ASS.: Justificação Administrativa


Brasília, 02 de maio de 1996.

REF.: Proc. 35600.0011463/94 - 02

INT.: Regina Maria Panchon Preihs

01. Regina Maria Panchon Preihs, visando comprovar tempo de serviço referente ao período de 1970 a 1974, quando trabalhou como auxiliar de escritório na Imobiliária do Loteamento Jardim da Granja, em São José dos Campos/SP, requereu, em 1994, o processamento de uma Justificação Administrativa, para tanto anexando os documentos comprobatórios, bem como Laudo de Exame Grafotécnico, assinado pelo Perito Criminalístico e Grafotécnico do Instituto de Criminalística da Secretaria de Segurança Pública do Estado de Santa Catarina.

02. A conclusão do exame efetuado pelo perito grafotécnico nos documentos apresentados pela requerente, caracterizou a autenticidade dos mesmos.

03. A Chefia do Posto de Seguro Social São José, solitou, então,a apresentação da Certidão da Junta Comercial, com o fim de comprovar a existência da empresa, exigência essa não atendida pela interessada, visto que a Imobiliária Jardim da Granja nunca foi registrada.

04. Visando sanar a pendência apontada, a requerente apresentou os documentos da fls. 26/32, os quais não caracterizaram a "relação de emprego" pretendida, vindo a Chefia do Posto de São José (fls. 33) optar pelo não processamento da Justificação Administraativa, dando ciência do fato à interessada, que recorreu da Decisão à JRPS.

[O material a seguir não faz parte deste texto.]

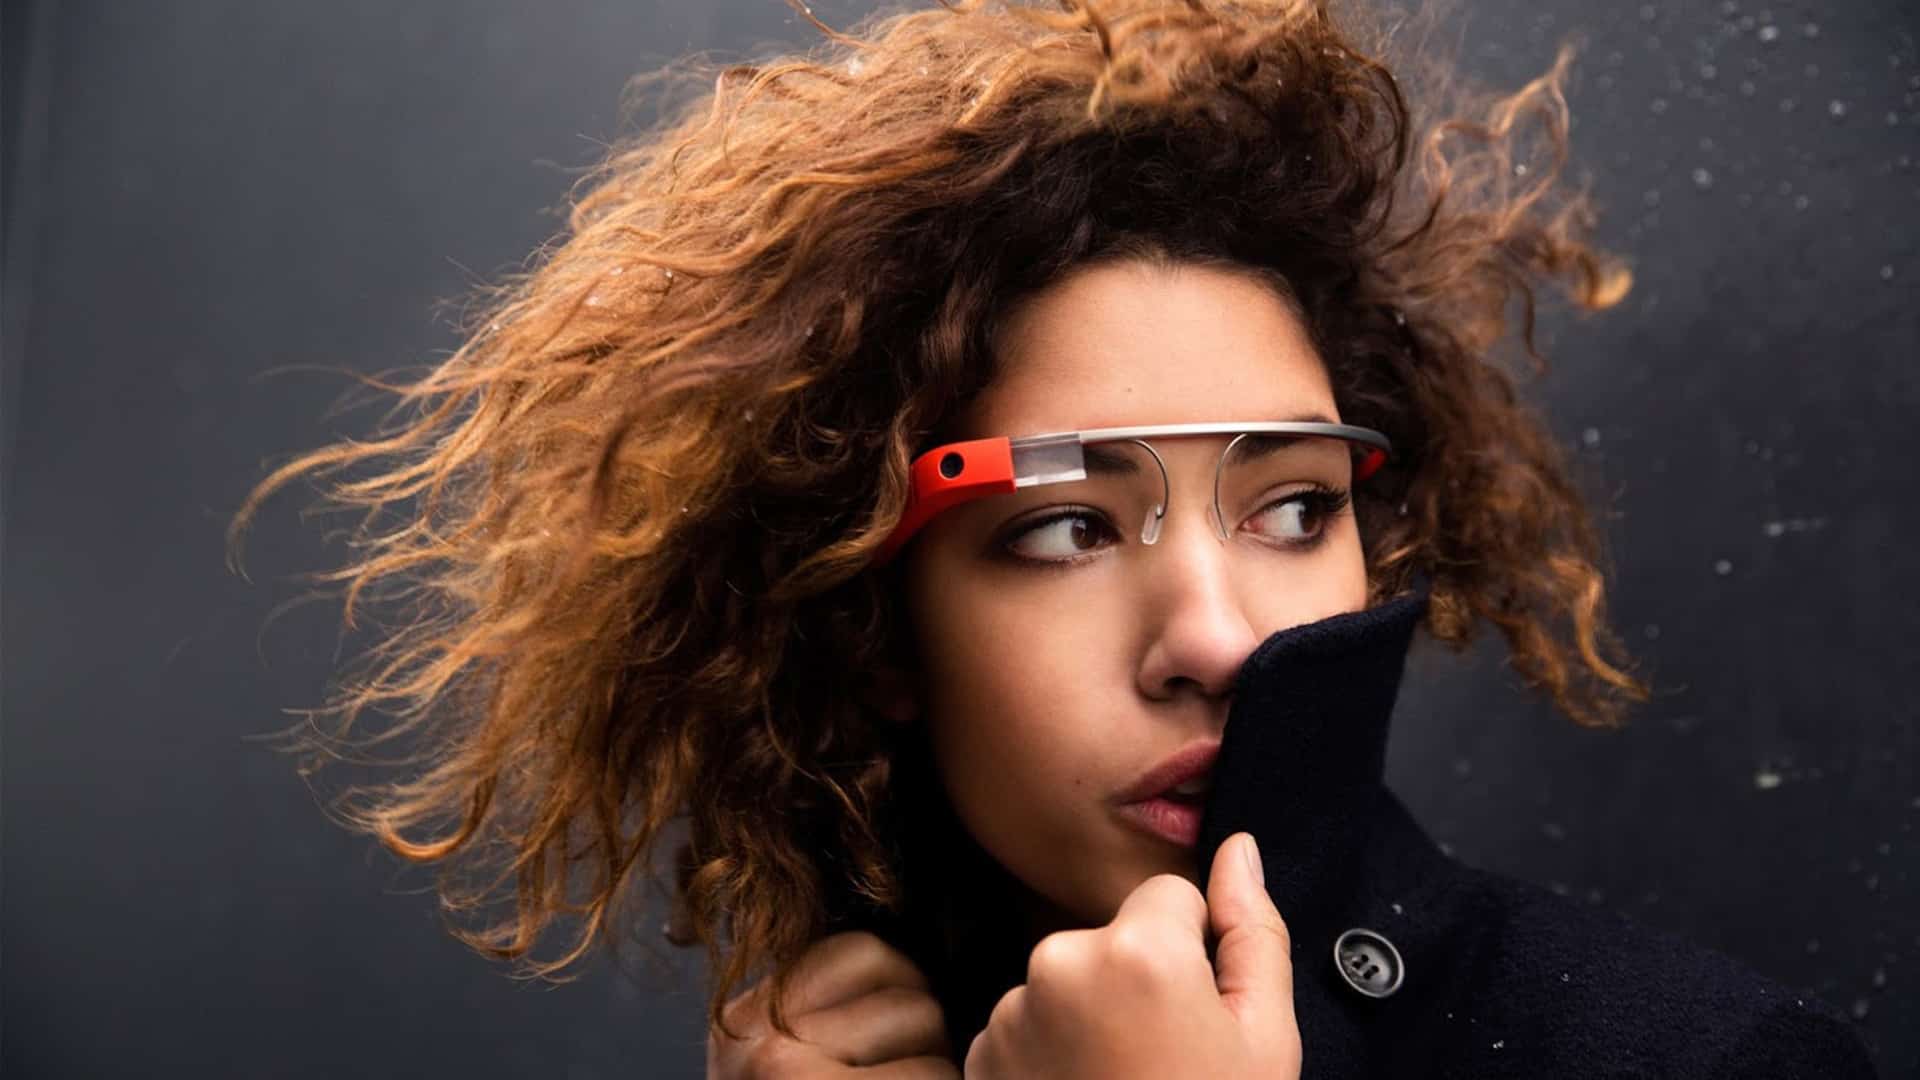 Oficial: Google Glass terá câmera de 5 Megapixels e som transmitido pelos ossos 1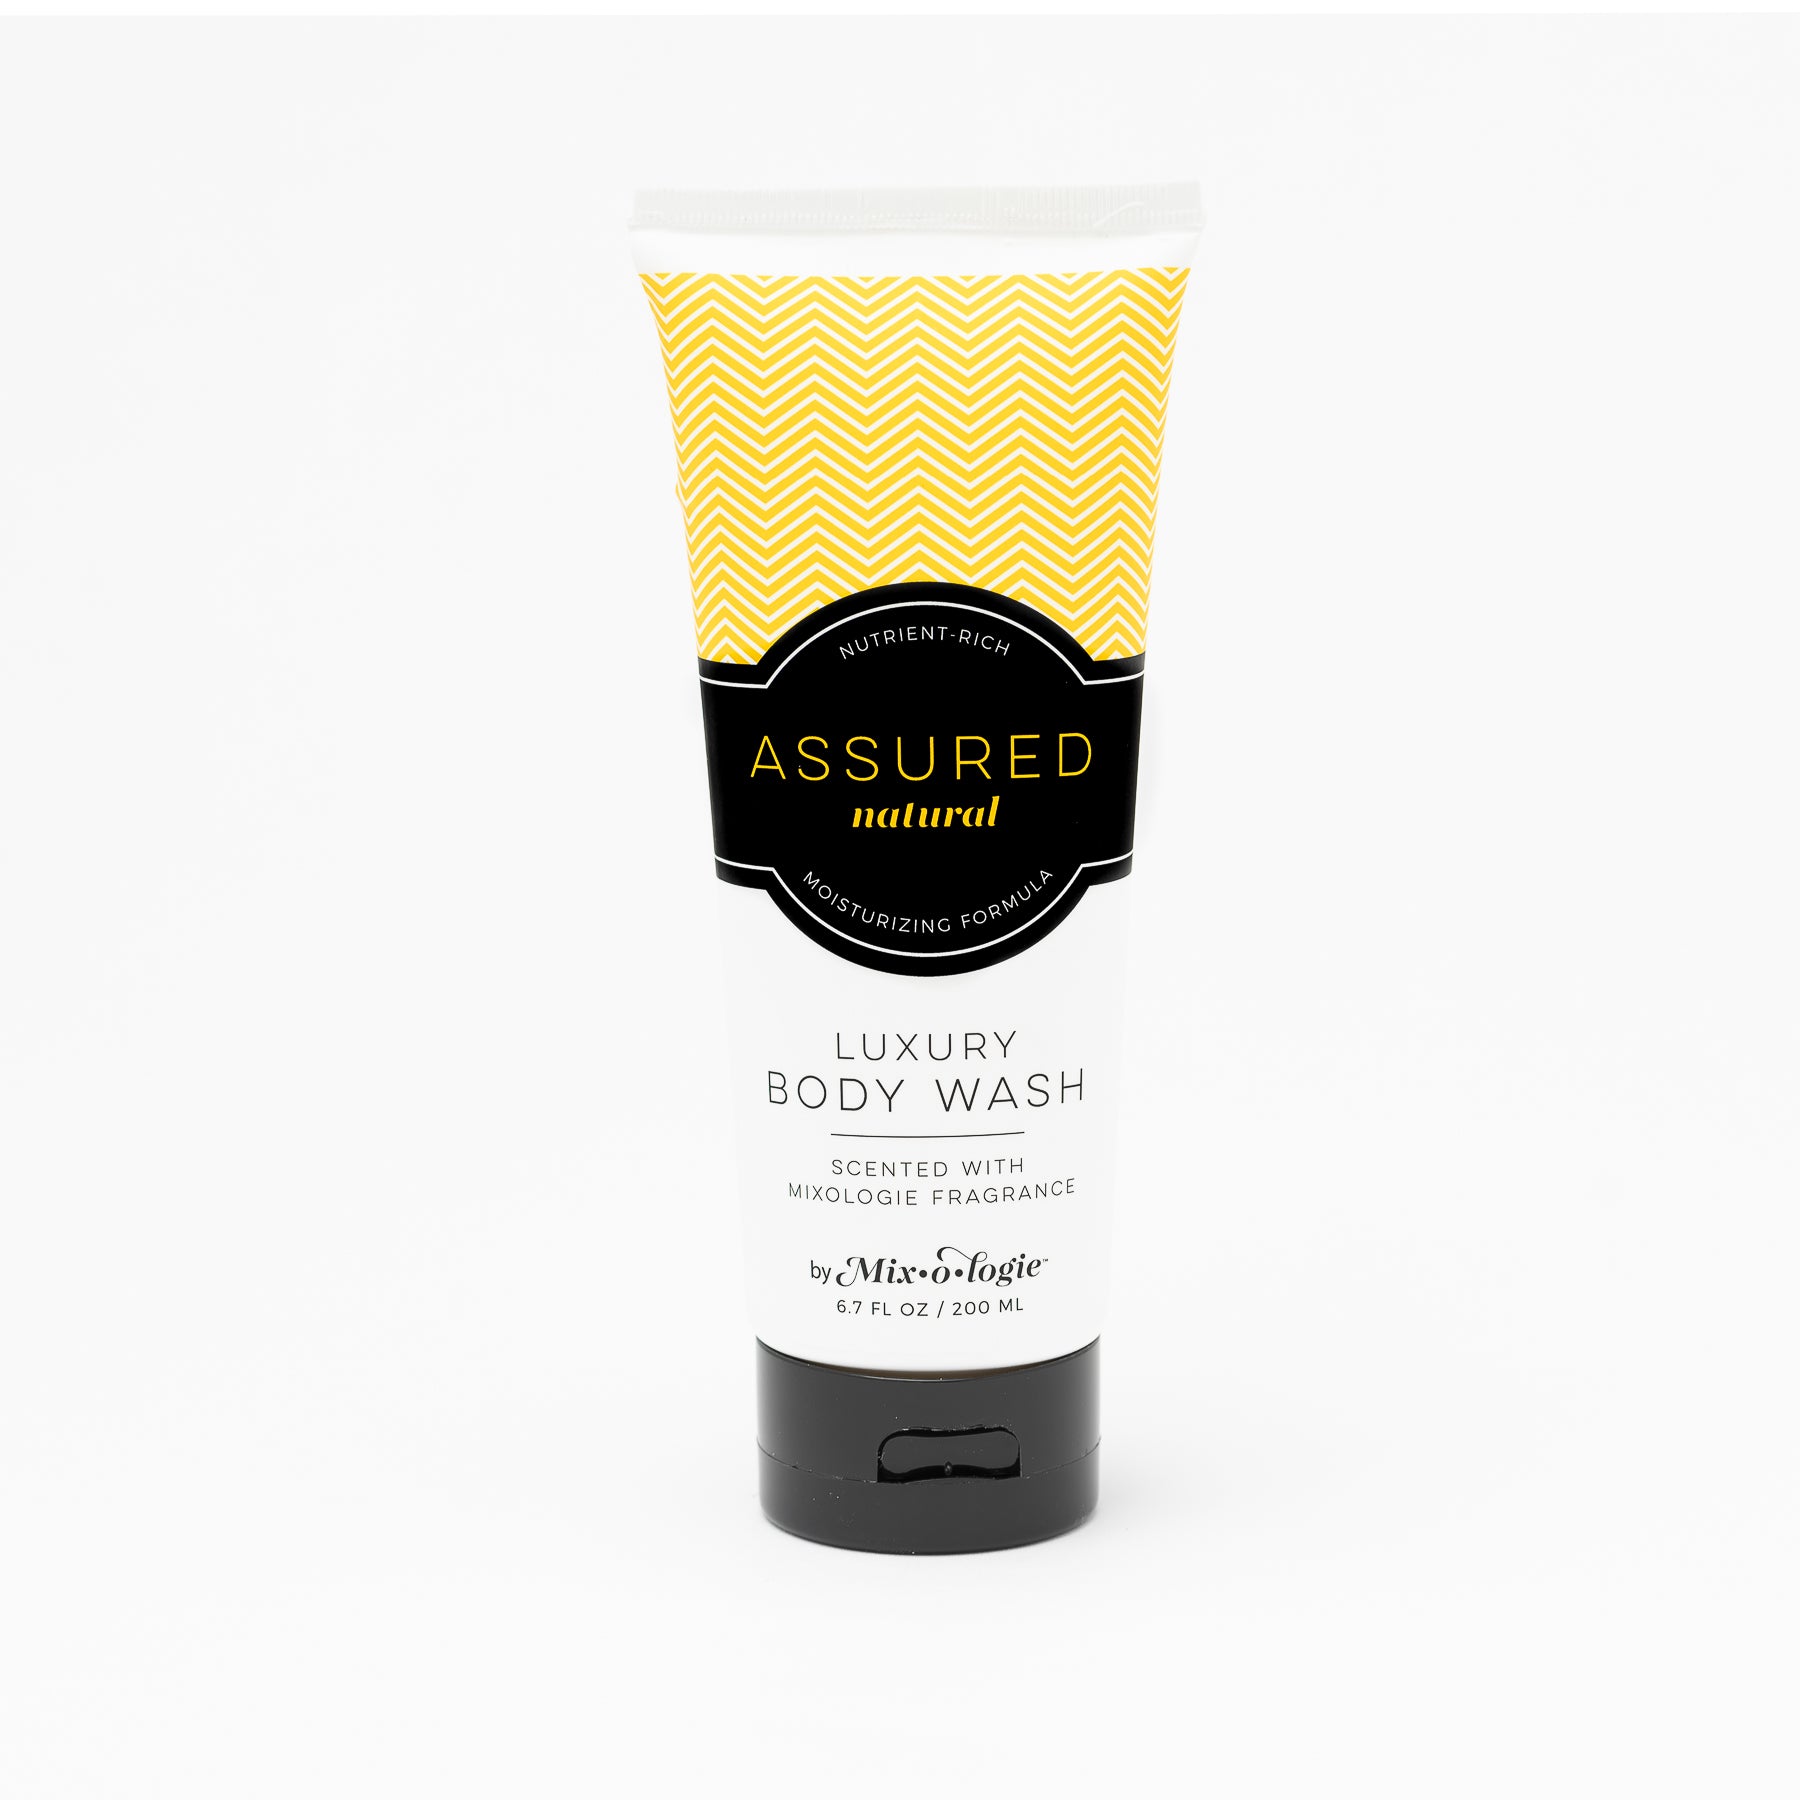 Luxury Body Wash & Shower Gel - Assured (natural) scent

05. Preliminarmente, a 17ª JRPS de Santa Catarina, baixou os autos em diligência, solicitando o processamento da Justificação Administrativa (fls. 84), onde ficou comprovado que a requerente trabalhou no referido escritório, no período de Jan/70 a Jun/75, conclusão essa homologada pela Chefia do Posto Especial do Seguro Social de São José dos Campos (fls. 97).

06. Retornando os autos, a Junta de Recursos conheceu do recurso e deu-lhe provimento, em grau de Alçada, o que sendo os autos enviados à Procuradoria Estadual, com a proposta de revisão do processo, nos termos da Portaria 713/93, art. 41, § 1º, que a partir de 1994, foi alterado pela Portaria 1.099, não cabendo mais revisão e sim, avocatória, motivo pelo qual o processo ( continua ... )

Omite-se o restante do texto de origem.